Assume that the three variables $X,Y,Z$ follow jointly a tri-variate normal distribution. All three have zero means and unitary variances. $X$ is correlated with $Y$, with correlation coefficient $\rho_{xy}$, but $X$ is uncorrelated with $Z$, $\rho_{xz}=0$. But also, $Y$ is correlated with $Z$, with correlation coefficient $r_{yz}$.

For two variables from a multivariate normal distribution, we have that

$$E(X\mid Y) = \mu_x + \rho_{xy}\frac {\sigma_X}{\sigma_Y}(Y-\mu_y)$$

$$E(X\mid Z) = \mu_x + \rho_{xz}\frac {\sigma_X}{\sigma_Z}(Z-\mu_z)$$

Given our assumptions we obtain

$$E(X\mid Y) = \rho_{xy}Y$$

and also

$$E(X\mid Z) = 0$$

so the premises of the question are satisfied.

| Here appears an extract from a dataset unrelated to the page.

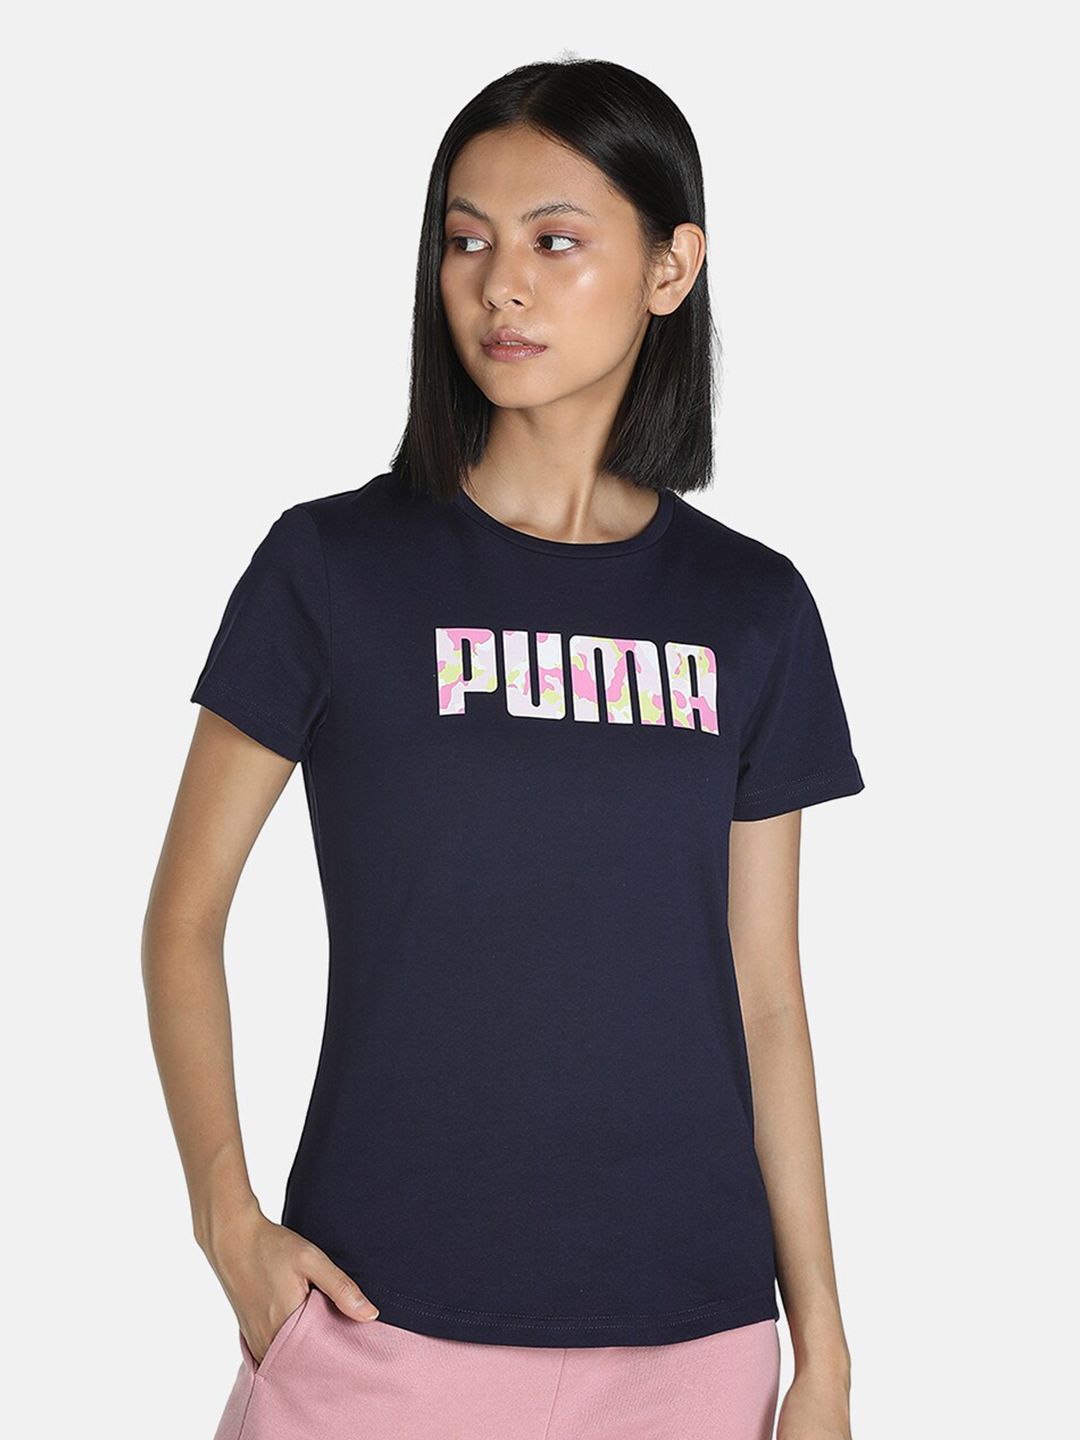 Puma Women Navy Blue & White Brand Logo Printed Regular Fit Cotton T-shirt Price in India

The variance-covariance matrix of this tri-variate normal is

$$\Sigma = \left[\begin{matrix} 1 & \rho_{xy} & 0\\ \rho_{xy} & 1 & r_{yz}\\ 0 & r_{yz} & 1 \\ \end{matrix}\right]$$

The formula for the conditional expected value $E(X \mid \{Y,Z\})$ is

$$E(X \mid \{Y,Z\}) = [\rho_{xy} \;\;\; 0]\left[\begin{matrix} 1 & r_{yz}\\ r_{yz} & 1 \\ \end{matrix} \right]^{-1}\left[\begin{matrix} Y \\ Z \\ \end{matrix} \right]$$

where we have already taken into account that the means are zero.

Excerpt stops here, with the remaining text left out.